Mar 21, 2011, 11:41 PM
Post #1 of 1
I have data stored in two files
desire code for DNA formatting: long description inside
The first is a tab delimited text file with the following format.
EST_name min_coverage max_coverage num_sites num_SNPs SNP_Density
BF01025B1D11.f1 30 100 273 5 0.0183150183150183
BF01025B1F08.f1 30 100 22 8 0.363636363636364
BF01025B2F06.f1 30 100 366 1 0.00273224043715847
BF01025B1F01.f1 30 100 520 19 0.0365384615384615
BF01025B2H10.f1 30 100 156 1 0.00641025641025641
BF01025B1E02.f1 30 100 450 2 0.00444444444444444
The second is a FASTA file with the following format.
> BF01010B1A11.f1 782 1 782 ABI
The ESTs identified in the tab-delimited textfile are a smaller subset of the ESTs found in the FASTA file.

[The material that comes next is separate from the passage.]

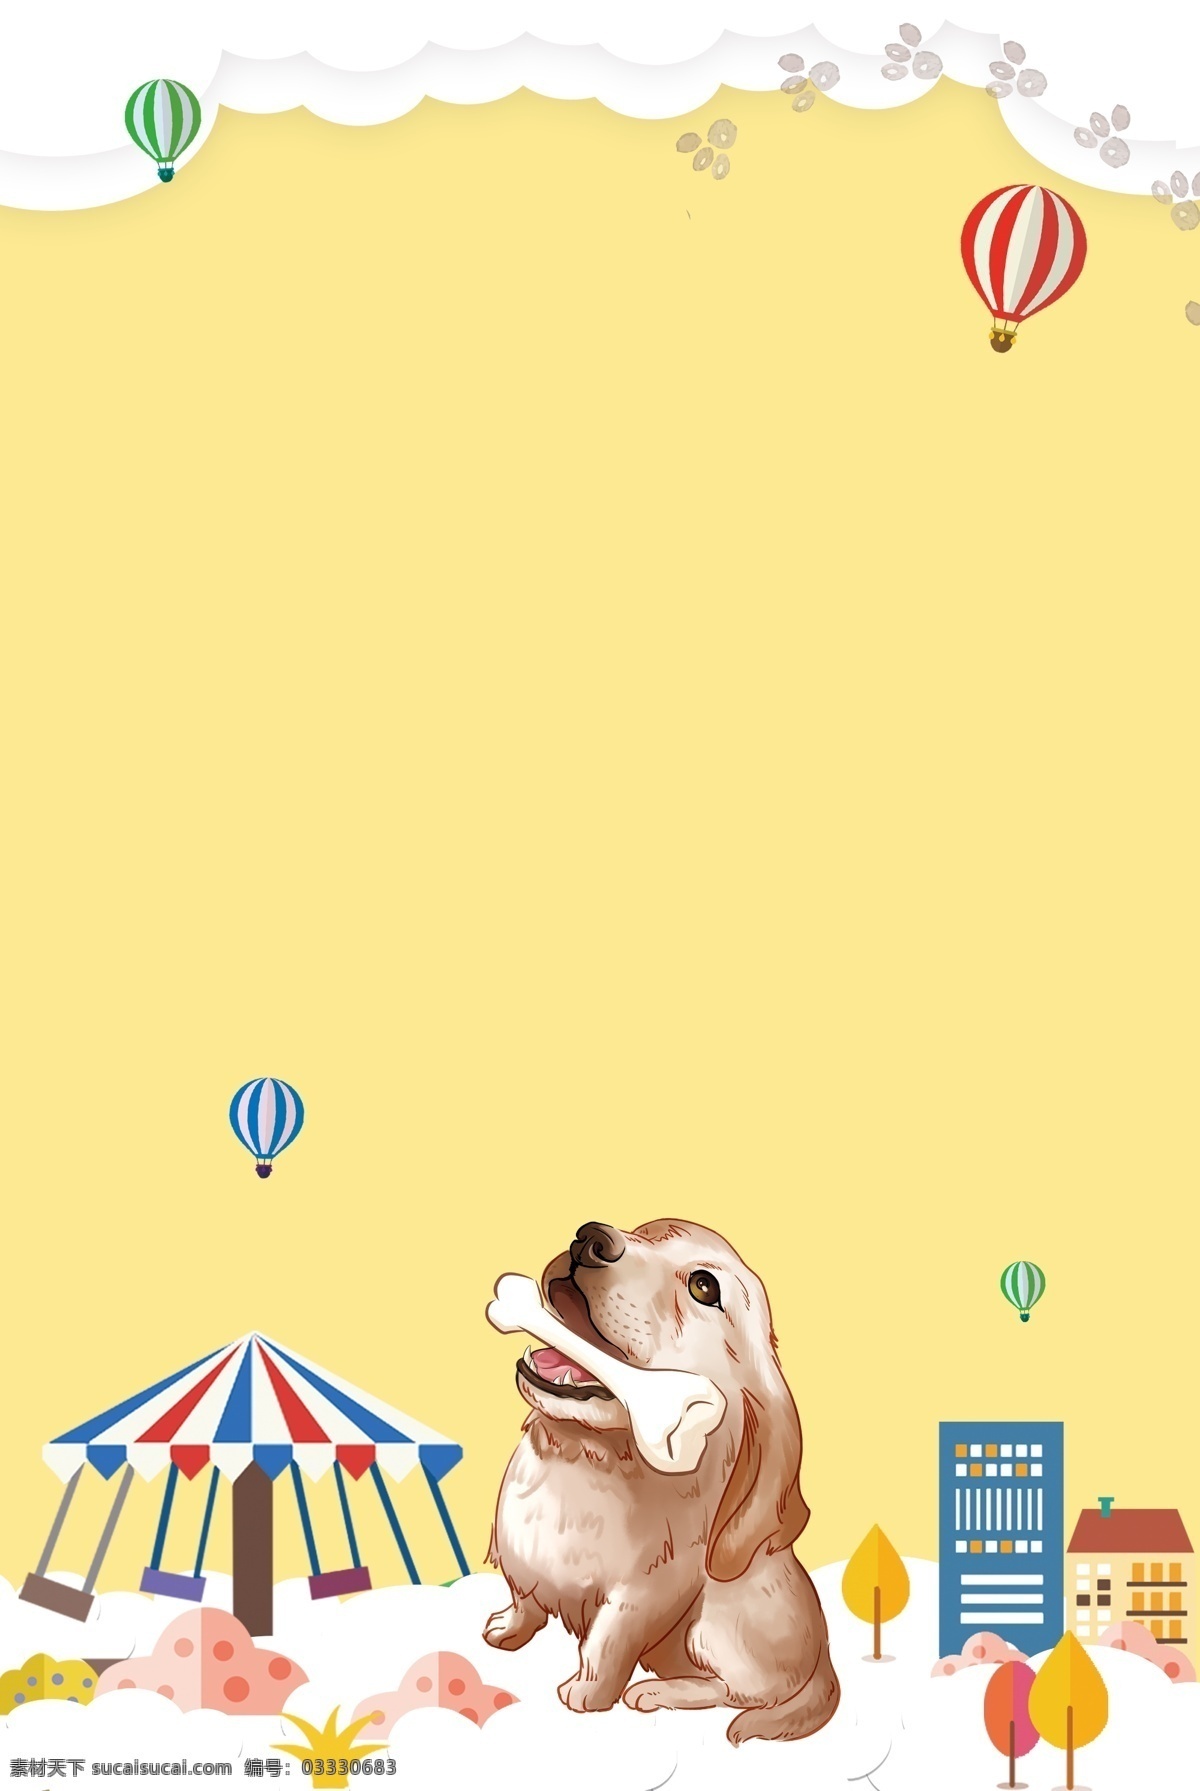 猫 狗 宠物 小 动物 领养 店 游乐场 热气球 卡通插画 猫窝 宠物店 宠物美容 爱心 骨头 飞伞

I am trying to develop a perl script that will compare the EST name found in the first column of the tab delimited file, against the header section of the FASTA file. If the EST name matches an EST name mentioned in the FASTA file, I want the entire header, along with the actual DNA sequence to be output to a separate FASTA file. Note: the output FASTA file should have the same format as the original FASTA file. I'm really not quite sure how I should go about doing this. Any assistance would be greatly appreciated. Thanks!